San Francisco: Counting Carbon in the Alameda Watershed
Ecosystem carbon accounting to ground San Francisco’s net-zero pathway
Status
City description
San Francisco is a compact, dense city-county on California’s Pacific coast, home to 808,988 people on 121.5 km² (density 6,689 people/km²). Its 2022 GDP was about USD 655 billion, driven largely by information, professional services and finance. The city sits within the California Floristic Province, a major global biodiversity hotspot with around 3,500 plant species, 61% of them endemic, and hosts rare species such as the mission blue butterfly and the California red-legged frog. San Francisco’s Climate Action Plan commits to 61% emissions reductions by 2030 and net-zero by 2040, with a dedicated Healthy Ecosystems chapter emphasising nature-based solutions and equitable access to green space.
Challenge
San Francisco needed a clear, science-based understanding of how much carbon its Alameda Watershed could realistically sequester.
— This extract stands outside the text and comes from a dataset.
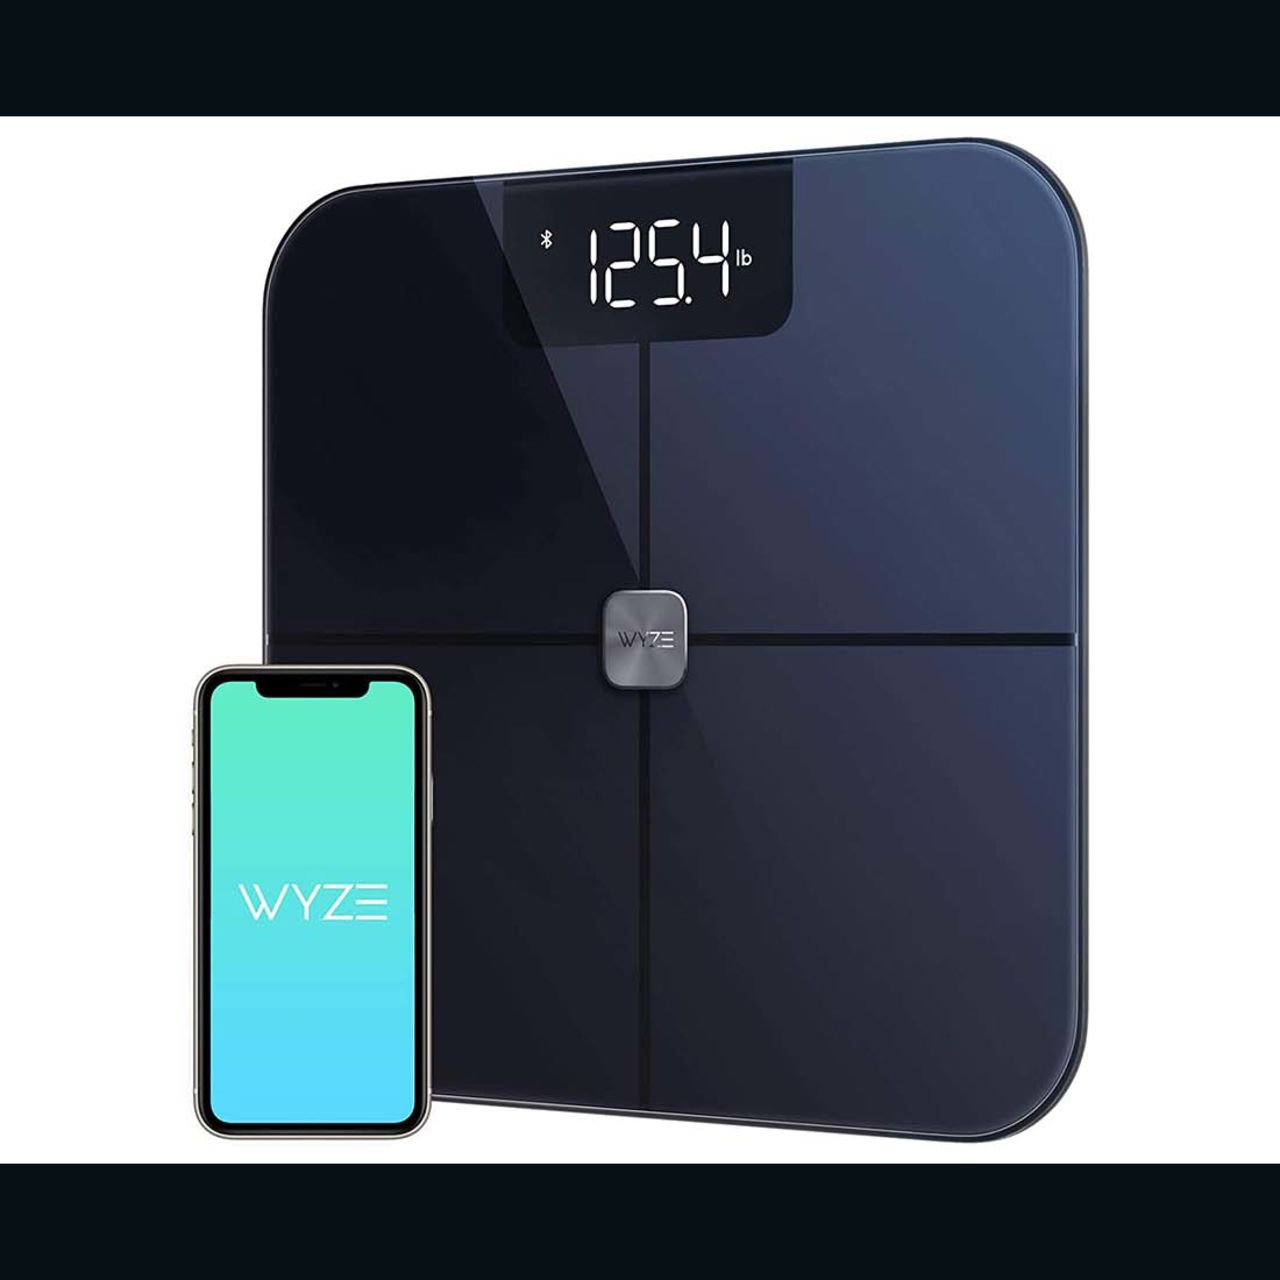 I tried using Anker's smart weight and body composition meter 'Eufy Smart  Scale P3' that can easily measure 16 items such as body fat percentage and  muscle mass that you are interested

Without robust data, nature-based solutions risked being overestimated in the city’s net-zero planning.
Solution
The city conducted a full ecosystem carbon assessment across 40,000 acres to quantify current carbon stocks and model management options. This produced a practical, evidence-backed baseline showing the watershed’s true climate role and guiding future land-use, restoration and climate decisions.
Key Impacts
2.5 million tonnes of carbon stored
in the Alameda Watershed’s ecosystems (2022), providing significant climate and ecological value.
80% of this carbon in soils
underlining the importance of soil-conserving management and fire-smart practices.
Up to 0.4% of 1990 city emissions per year
proving that land carbon can only play a modest role in net-zero delivery.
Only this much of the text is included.